Shopbop
- Website type: Subsidiary of Amazon.com
- Available in: English, Russian, Chinese
- Headquarters: Madison, Wisconsin, U.S.
- Owner: Amazon.com
- Founders: Bob Lamey; Martha Graettinger; Ray Zemon;
- CEO: Kim Fleissner (CEO);
- Industry: E-commerce
- Products: Clothing, shoes, handbags and accessories
- Employees: 400 (2015)
- Website: www.shopbop.com
- Commercial: Yes
- Launched: November 1999
- Current status: Active

= Shopbop =

American online fashion retailer

Shopbop is a US online fashion apparel and accessories shop opened in 1999. It has been a subsidiary of Amazon.com since 2006.

==History==
Shopbop was founded by Bob Lamey, Martha Graettinger, and venture investor Ray Zemon in November 1999 in Madison, Wisconsin.
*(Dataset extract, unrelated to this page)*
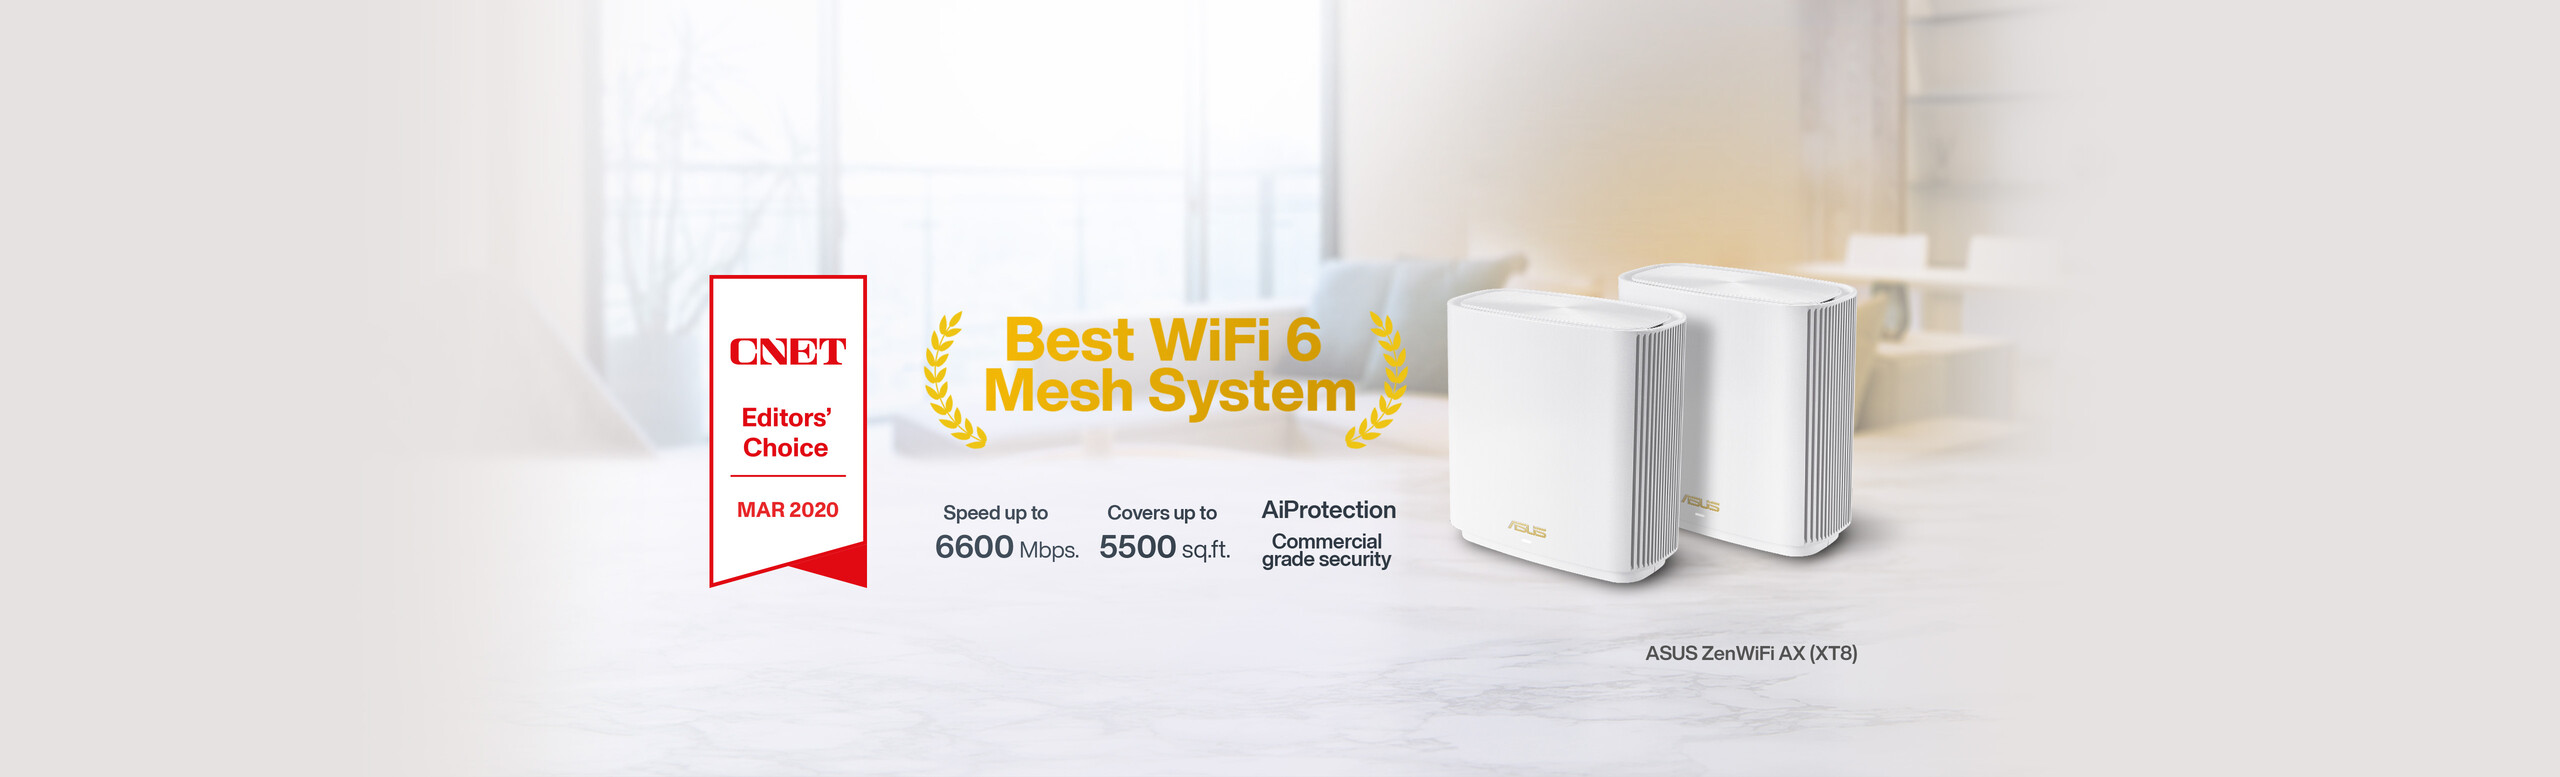 CNET Best Wifi 6 Mesh System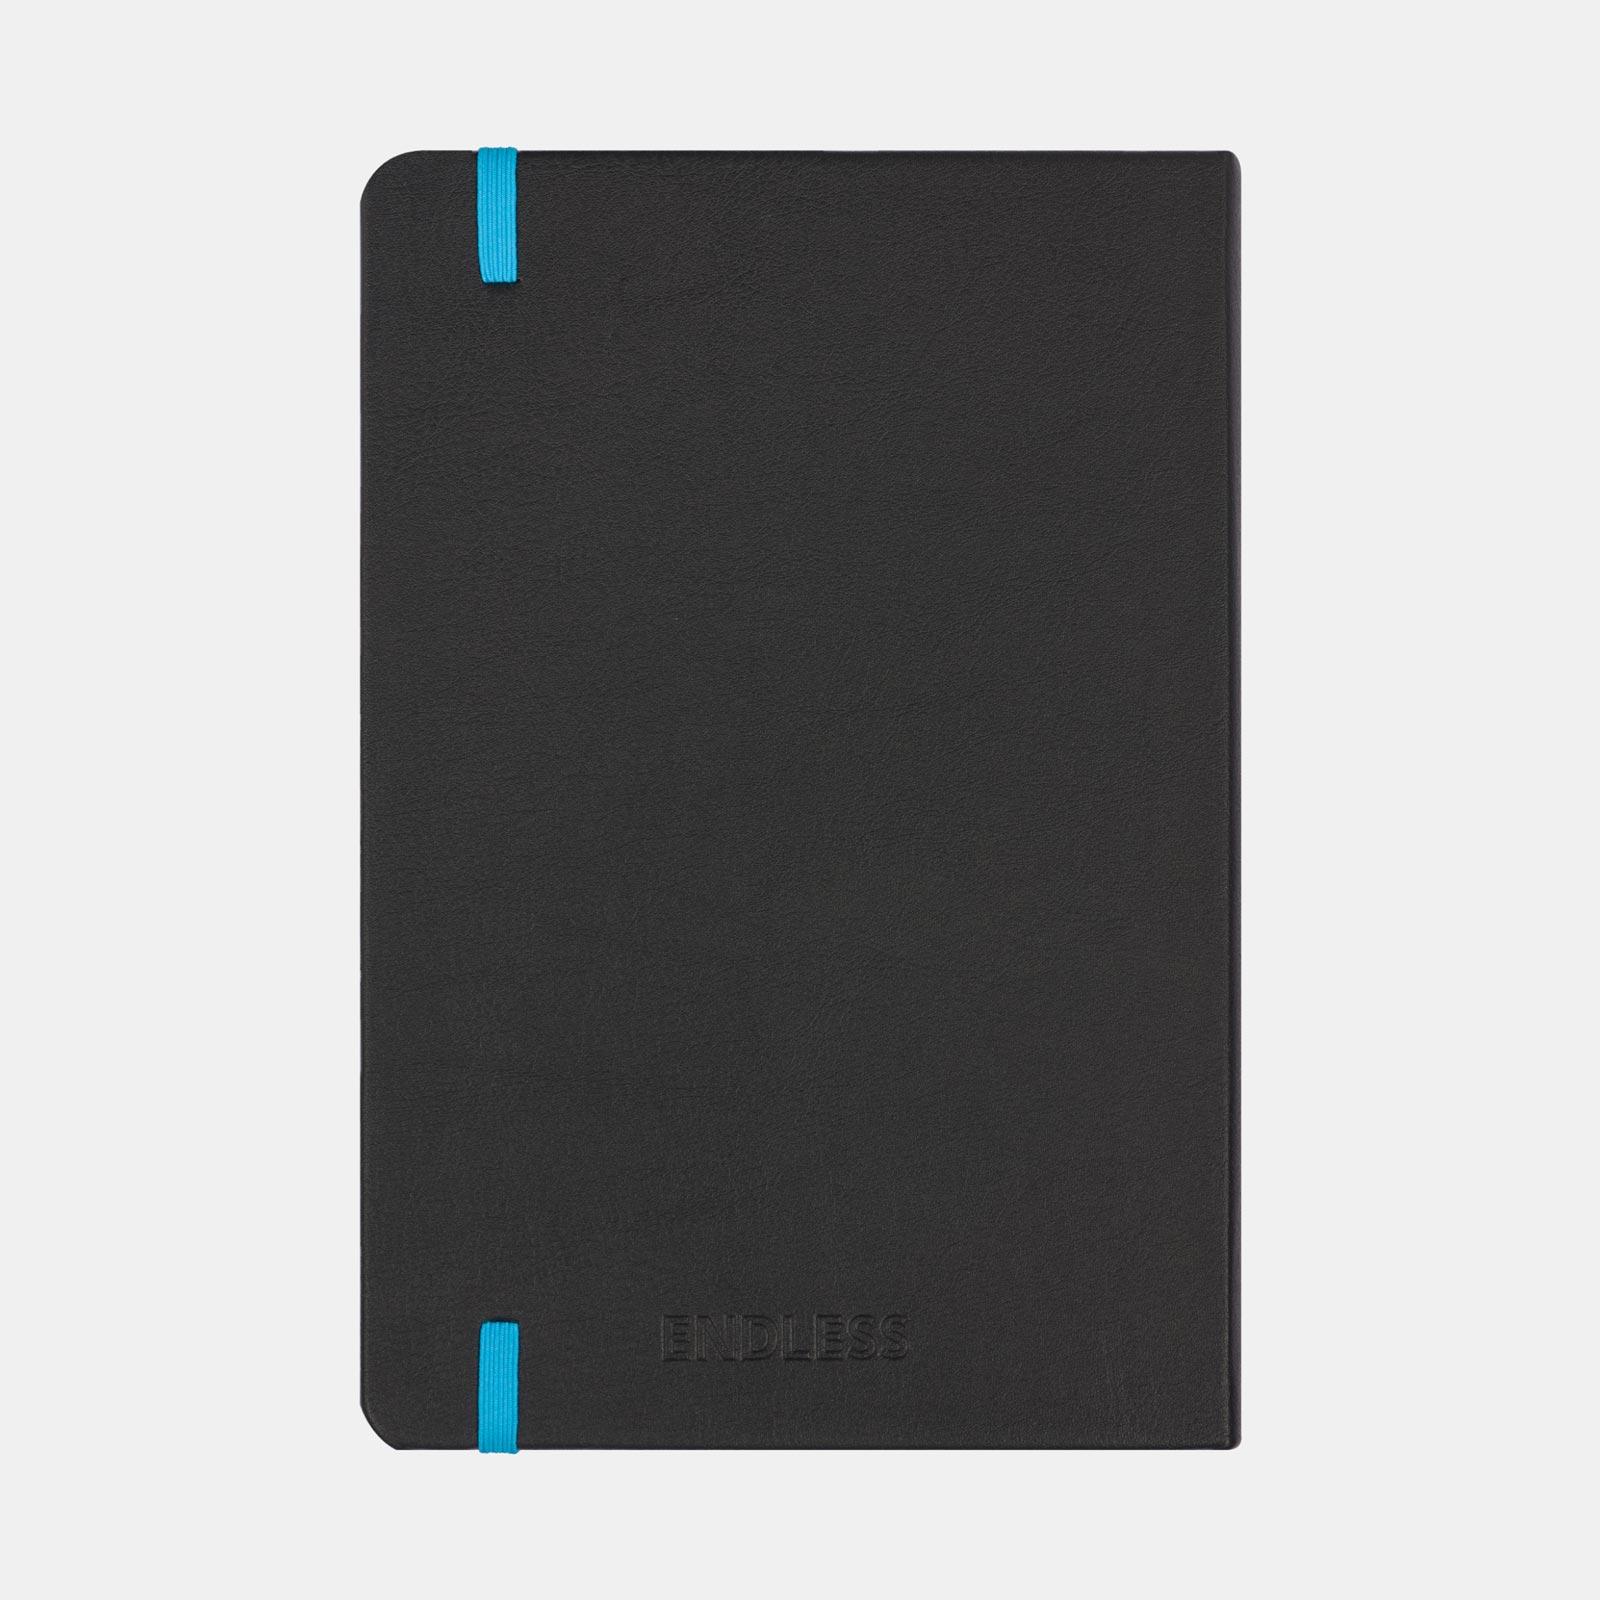 Endless Recorder Notebook Infinite Space Black

It was originally the internet presence of brick and mortar clothing dealer Bop in downtown Madison (the shop was closed in 2014). Graettinger and Lamey chose Madison because it was a college town with strong fashion-conscious student base.

Shopbop was acquired by Amazon.com in February 2006. At the time of the deal it was selling 103 different lines of high-end clothing. Since the acquisition Shopbop ran almost completely independently from Amazon, which also sells clothes and accessories, and even competed with it. In September 2013 Shopbop opened the East Dane contemporary menswear website, that merged with Shopbop.com in 2021.

The website went through several redesigns, particularly in 2012 and 2017 (among the redesigns, a loyalty program was added to the website).

In 2022, Shopbop launched a new beauty category.

== Products ==
Shopbop offers a wide selection of clothing, shoes, bags, and accessories for women. The company's product offerings range from high-end designer pieces to more affordable, trendy items. Shopbop's selection includes dresses, tops, pants, jeans, skirts, outerwear, swimwear, lingerie, and more.

In addition to women's fashion, Shopbop also offers a selection of men's clothing and accessories. The men's collection includes clothing, shoes, and accessories from brands such as Calvin Klein, Levi's, and Tommy Hilfiger.